Open qqibrow opened 10 months ago
just found that reducing Max number of rows to read
from 1000 to 500 can mitigate the error:
while (rowReader->next(1000, result)) { // change 1000 to 500 can mitigate the error
for (vector_size_t i = 0; i < result->size(); i++) {
std::cout << result->toString(i) << std::endl;
}
}
@qqibrow Will you be able to create a draft PR to add this test in ParquetReaderTest? You can mark it as disabled and add a comment mentioning this issue until the bug is fixed. Is this urgent? If not I think it's better to wait for my refactor in which the null handling would be simplified.

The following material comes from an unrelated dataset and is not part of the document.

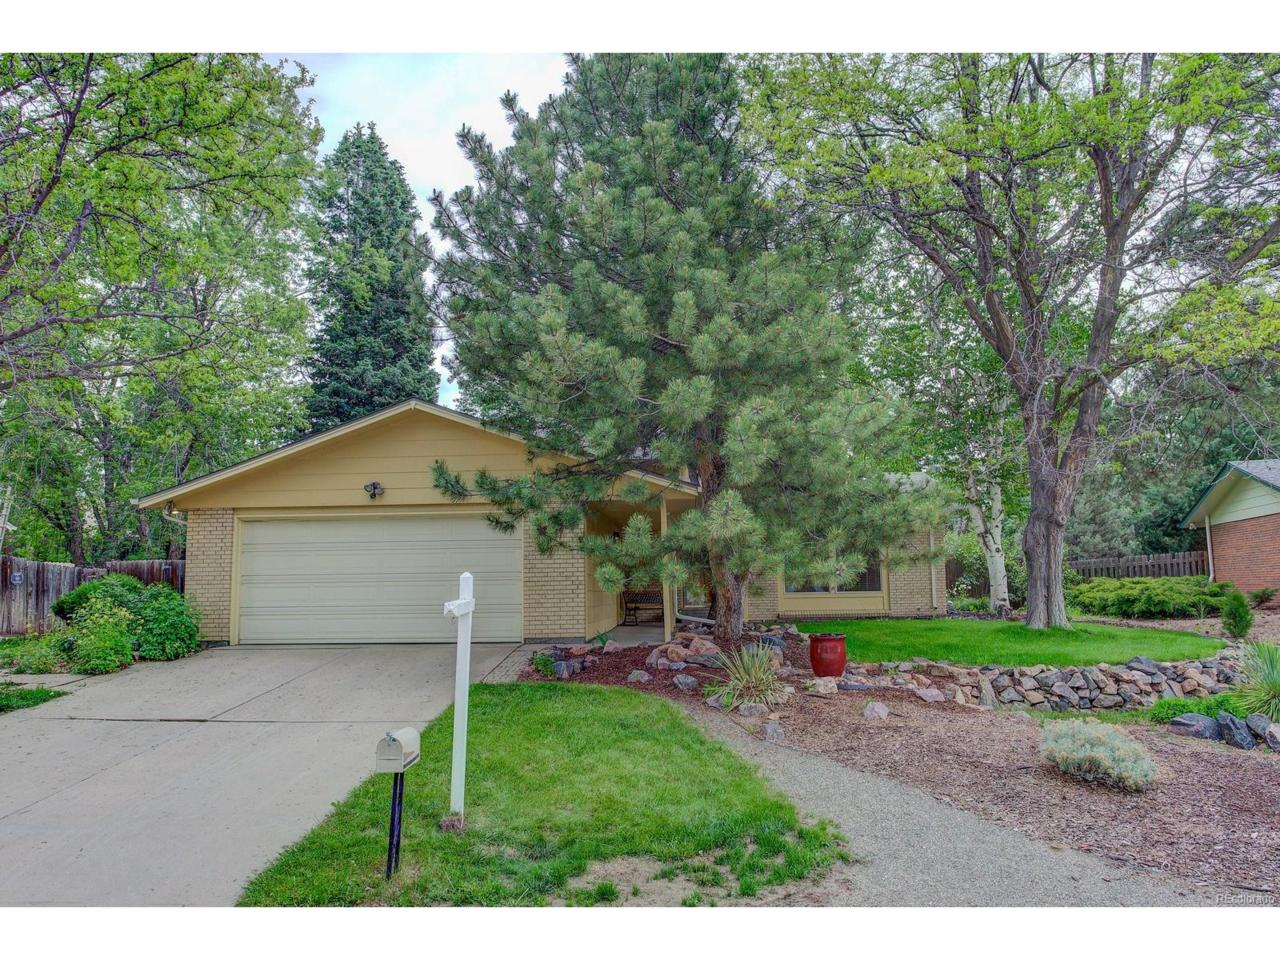 11233 E Harvard Drive, Aurora, CO 80014 (MLS #2635503) :: 8z Real Estate

Just FYI, I couldn't repro the issue:
makagonov@makagonov-xps:~/presto/presto-native-execution$ cmake-build-debug/velox/velox/dwio/parquet/tests/reader/velox_scan_parquet ~/Downloads/issue7617.parquet ./out.txt
number of rows: 30000
velox type: ROW<test:ARRAY<INTEGER>>
@makagonov did you change the batch size to 1000
?
@makagonov build with #7642 . run the command:
/home/lniu/code/velox_new/velox/_build/debug/velox/dwio/parquet/tests/reader/velox_dwio_print_parquet --file_path=/home/lniu/issue7617.parquet --batch_size=1000
will reproduce the issue. I just tried. default batch size (500) works fine and cannot surface the issue.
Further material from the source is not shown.